临江河是三峡库区库尾的一条次级河流。成库前,流速较快,河道比降大;但是在三峡水库蓄水以后,由于受到干流回水的顶托作用,临江河部分河段形成回水区(河段),该区域流速大幅减缓、河道变宽、水深加大,水体也由原来的河流型水体转变为湖泊型水体;加之氮磷充足、光照适宜,这些为回水河段的藻类生长提供了适宜条件。为此,论文以临江河回水河段为对象,全面研究了回水河段的富营养化特性、机制及影响因素;在此基础上,采用人工浮床技术对回水河段的富营养化进行防治,并就其机理展开了探讨。研究成果如下:
①通过水质分析、实地调研、TSI评价及因子综合得分评价等方法研究了临江河回水河段的富营养化特性。结果发现:
1)回水河段始终处于富营养化水平,且有逐年加重的趋势,每年的5月和夏秋之交尤为严重,其中回水腹心区的富营养化程度又相对较重。
2)绿藻、硅藻为回水河段的绝对优势藻群,以小球藻、四尾栅藻和颗粒直链藻为常见种。

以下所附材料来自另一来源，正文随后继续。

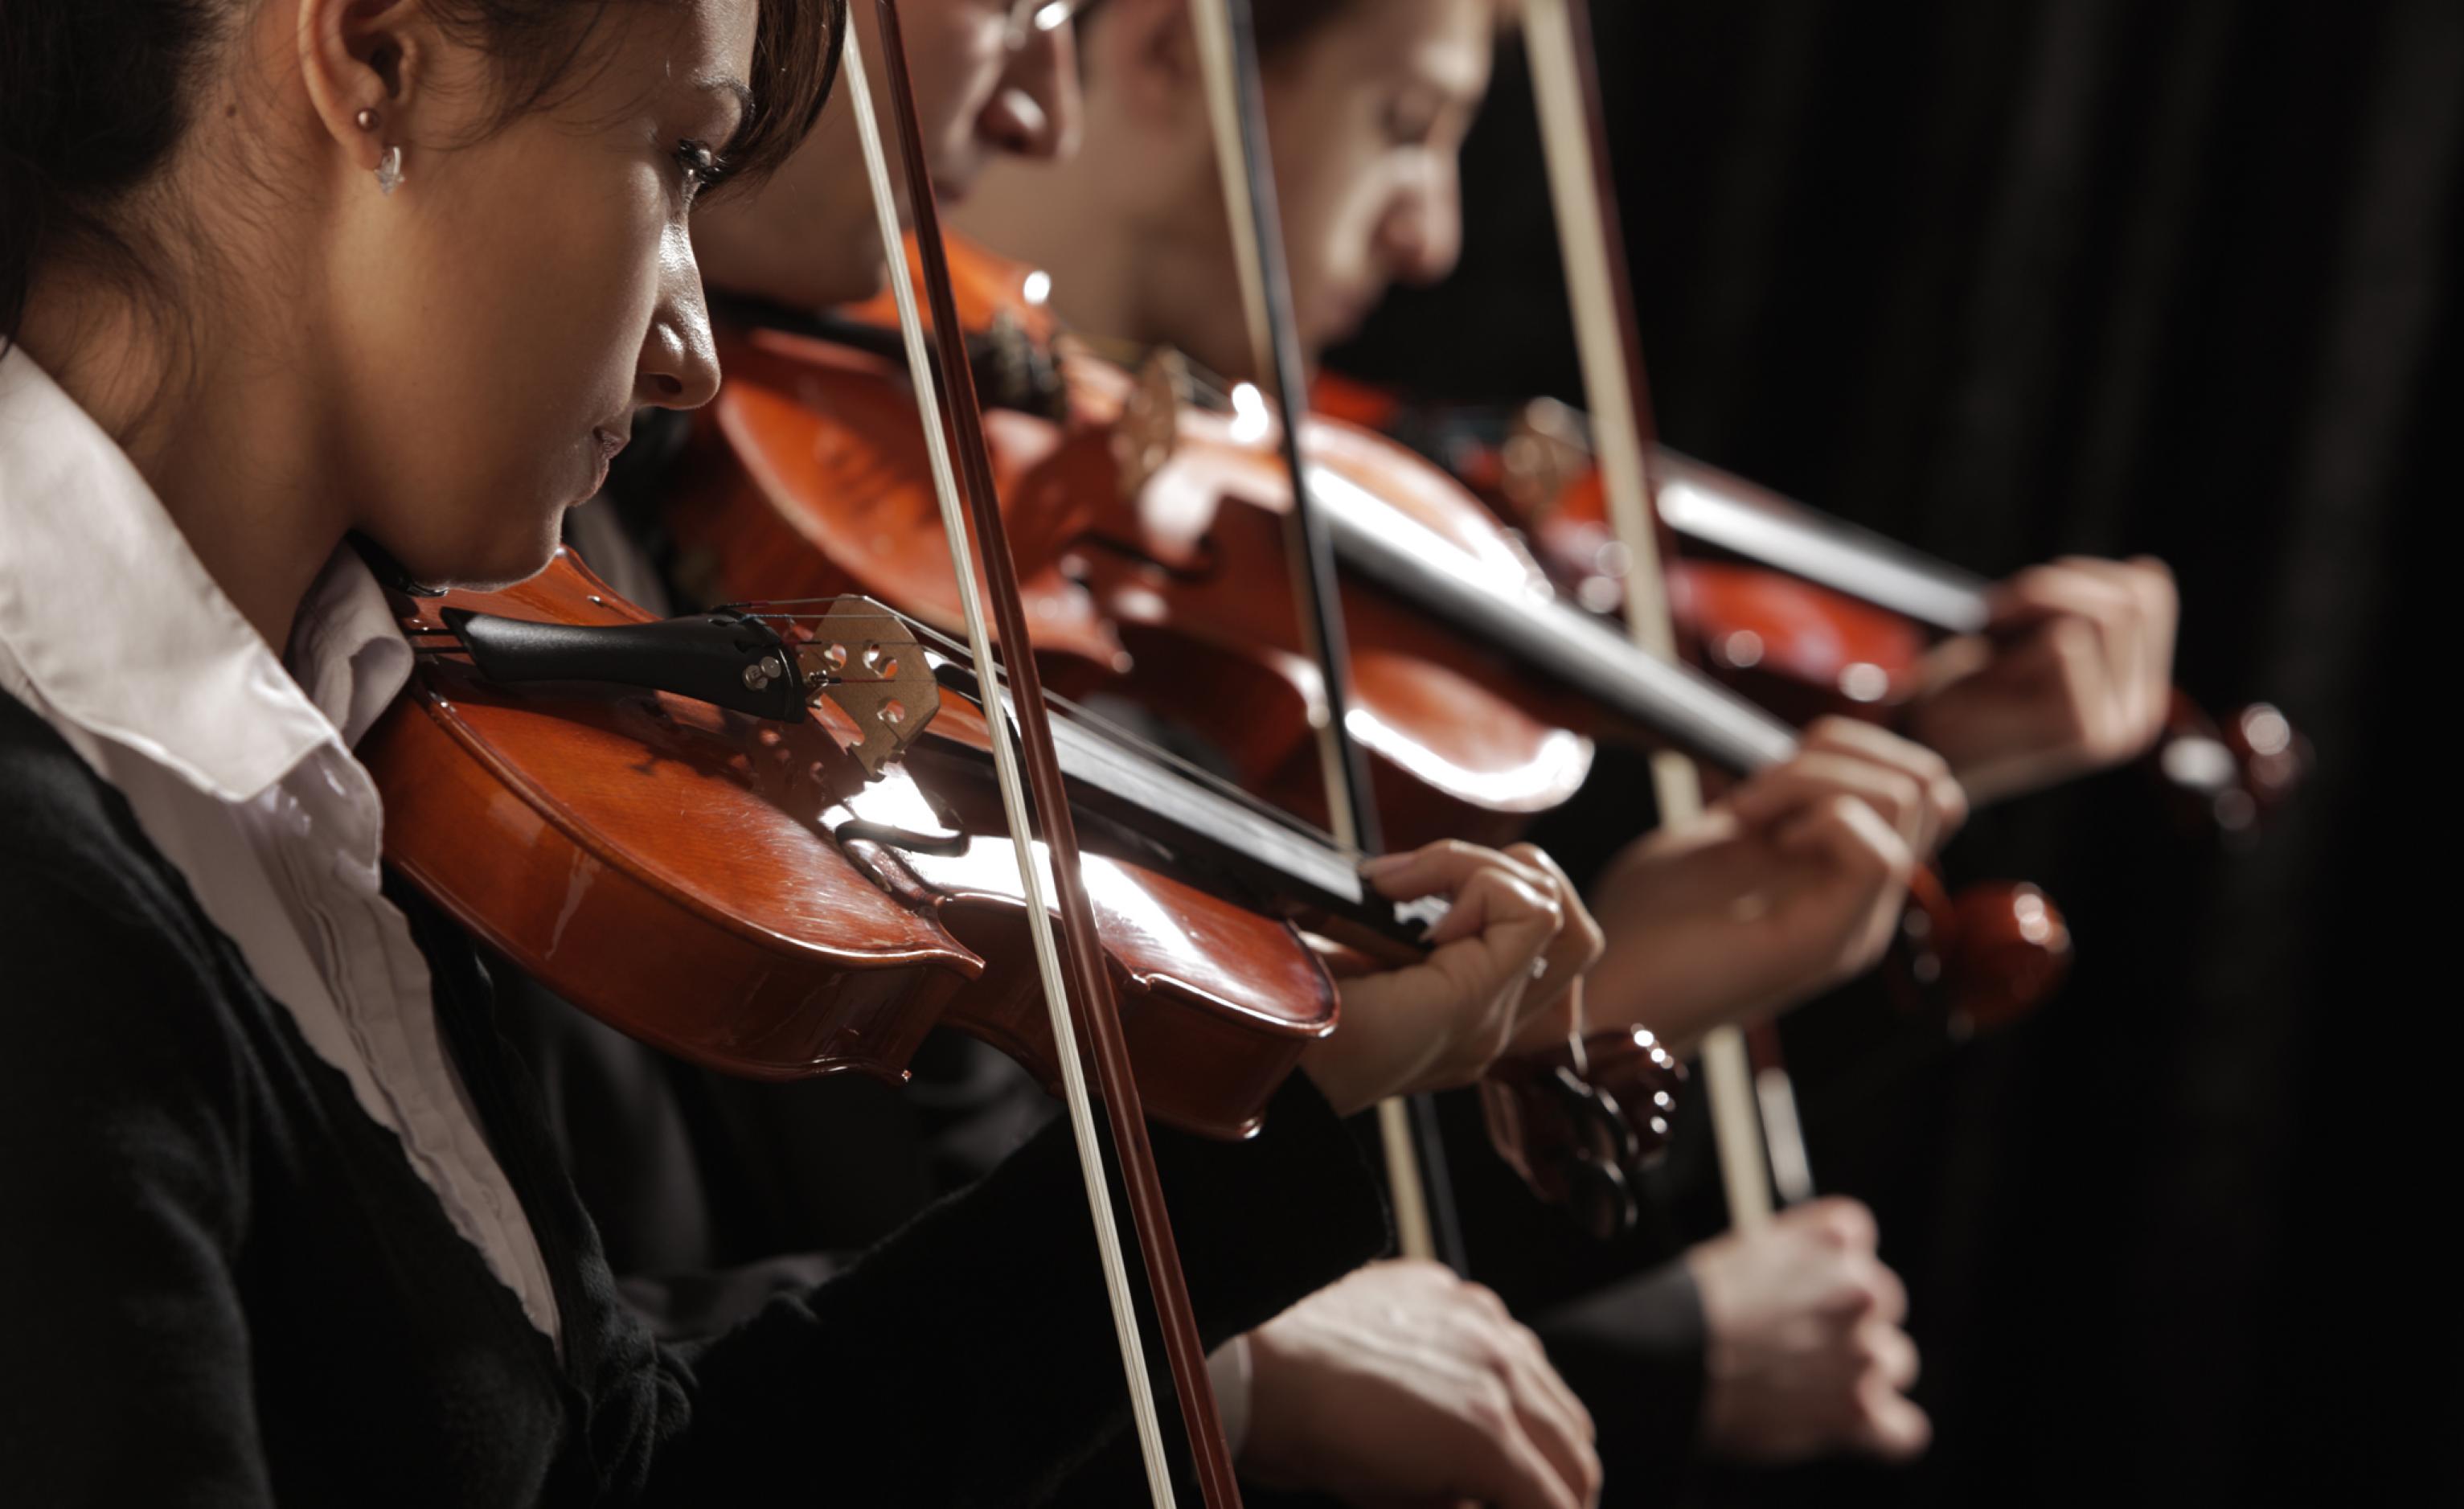 Das Foto zeigt vor schwarzem Hintergrund drei Geigende eines Orchesters. Sie sind elegant gekleidet und von der Seite fotografiert. Kopf, Oberkörper, der rechte Arm mit dem Geigenbogen und die Geigen selbst sind groß zu sehen.

蓝藻为第三优势种群。
3)水温、流速、磷和硅为临江河回水河段富营养化的主要控制因子。统计模型中,多元线性逐步回归模型是较为理想的模型。
②采用灰关联的分析方法评判了临江河回水河段富营养化影响因素影响程度的大小,发现在春季和冬季,水温的影响最大,SiO3-Si次之,TN的影响较小。
③通过物理模拟试验研究了不同条件下藻类的生长与消亡。结果表明:
1)培养水体中Chla含量随时间的变化呈二次曲线的变化模式,其中温度、光照、水动力、泥沙含量和初始氮营养盐水平对藻类比生长速率的影响呈向上抛物线型,而初始TP浓度、硅酸盐浓度对比生长速率的影响呈对数关系。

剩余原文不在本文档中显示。